PEMBAHARUAN PENDIDIKAN ATAU INOVASI PENDIDIKAN
Pembaharuan Pendidikan Atau Inovasi Pendidikan
Pembaharuan pendidikan atau inovasi pendidikan merupakan konsep yang seringkali didengar pada dunia pendidikan Indonesia. Hal ini pula yg sejak lama sudah didambakan oleh warga . Usaha ke arah pembaharuan pendidikan dilakukan sang Departemen Pendidikan Nasional menggunakan berbagai cara, diantaranya melalui pengubahan kurikulum yg diadaptasi menggunakan perkembangan zaman (Fajaroh, 2003). Perubahan kurikulum sudah terjadi beberapa kali, serta perubahan paling akhir merupakan sinkron Peraturan Mendiknas ditetapkan kurikulum operasional Tingkat Satuan Pendidikan atau sekarang diklaim sebagai Kurikulum Tingkat Satuan Pendidikan (KTSP).

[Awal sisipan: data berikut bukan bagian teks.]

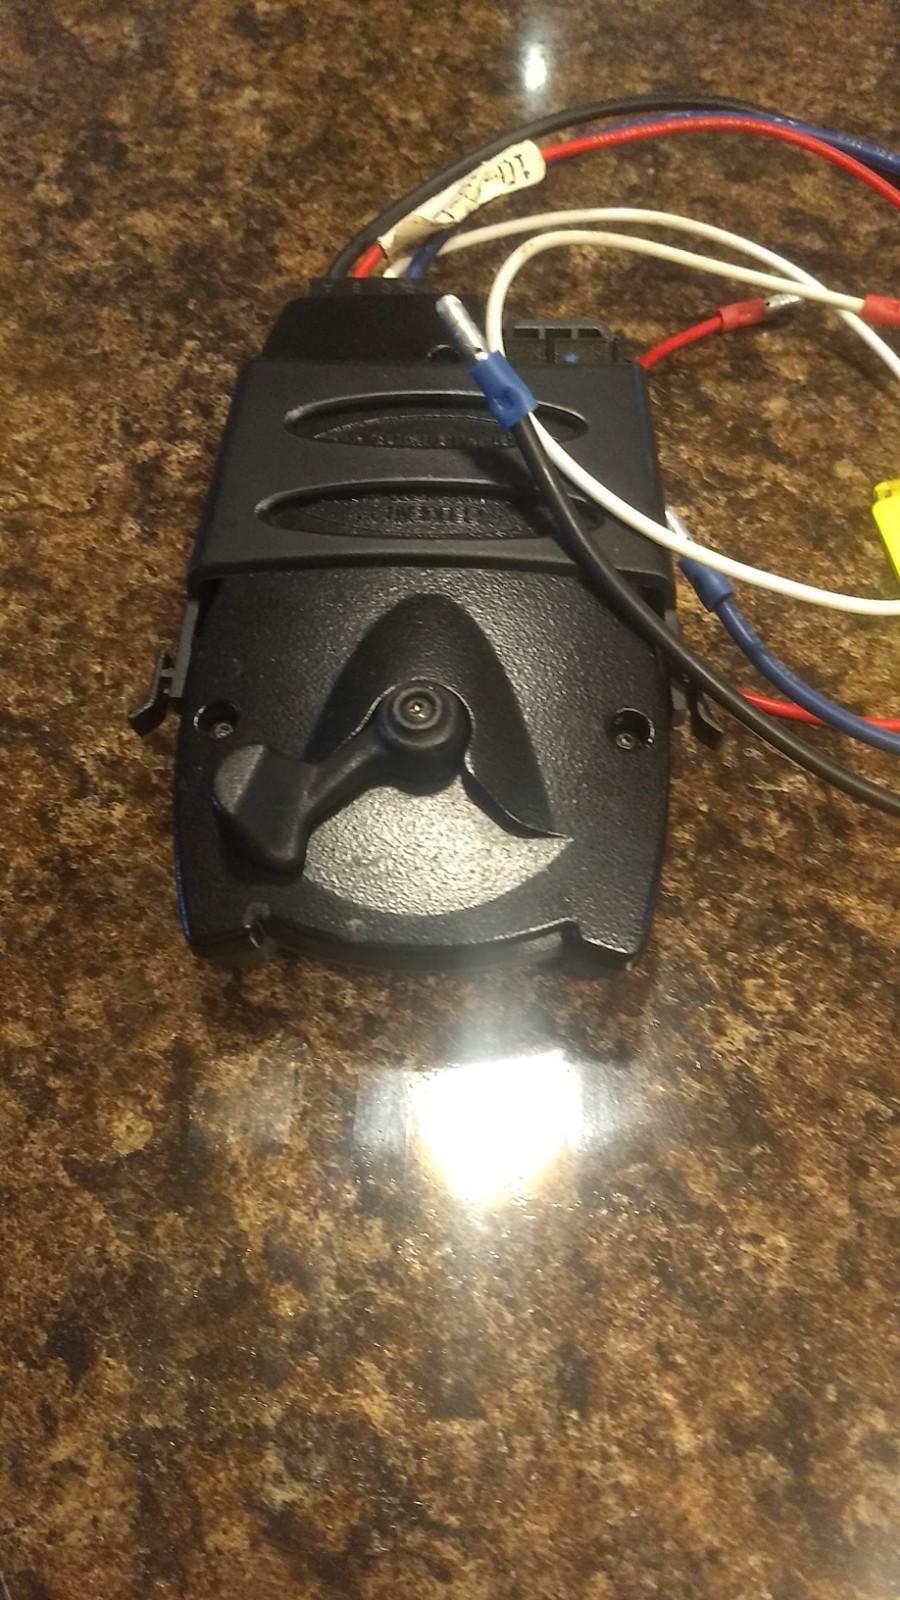 Prodigy P2 Brake Controller
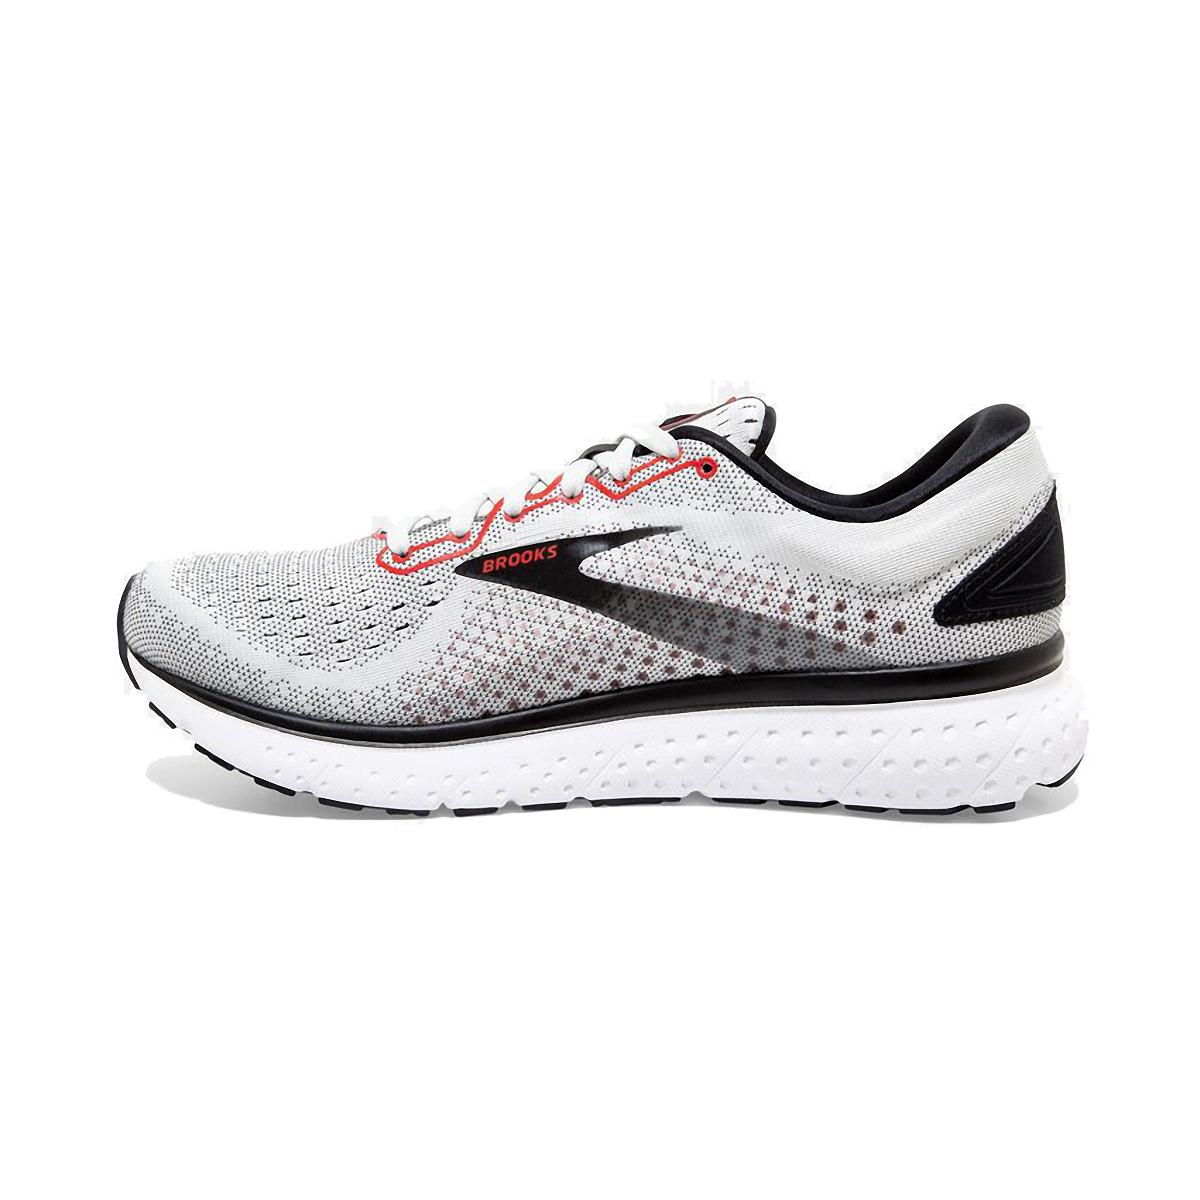 Men's Brooks Glycerin 18 Running Shoe - Color: White/Black/Red - Size: 7 - Width: Regular, White/Black/Red, large, image 2

Pendidikan dikatakan bermutu apabila proses pembelajaran berlangsung secara efektif, siswa (siswa) memperoleh pengalaman yang bermakna bagi dirinya, dan produk pendidikan adalah individu-individu yg bermanfaat bagi warga dan pembangunan bangsa. Selain itu siswa tidak sama pada banyak sekali hal, terutama intelegensinya. Intelegensi merupakan keseluruhan kemampuan individu buat berfikir dan bertindak secara terarah serta memasak dan menguasai lingkungan secara efektif. Banyak siswa yg prestasi belajarnya kurang bukan ditimbulkan oleh kemampuan intelegensi yang belum optimal. Namun hal ini lebih disebabkan kemampuan berfikir buat memanfaatkan apa yang mereka ketahui atau dianggap juga dengan kemampuan metakognisi, kurang berkembang.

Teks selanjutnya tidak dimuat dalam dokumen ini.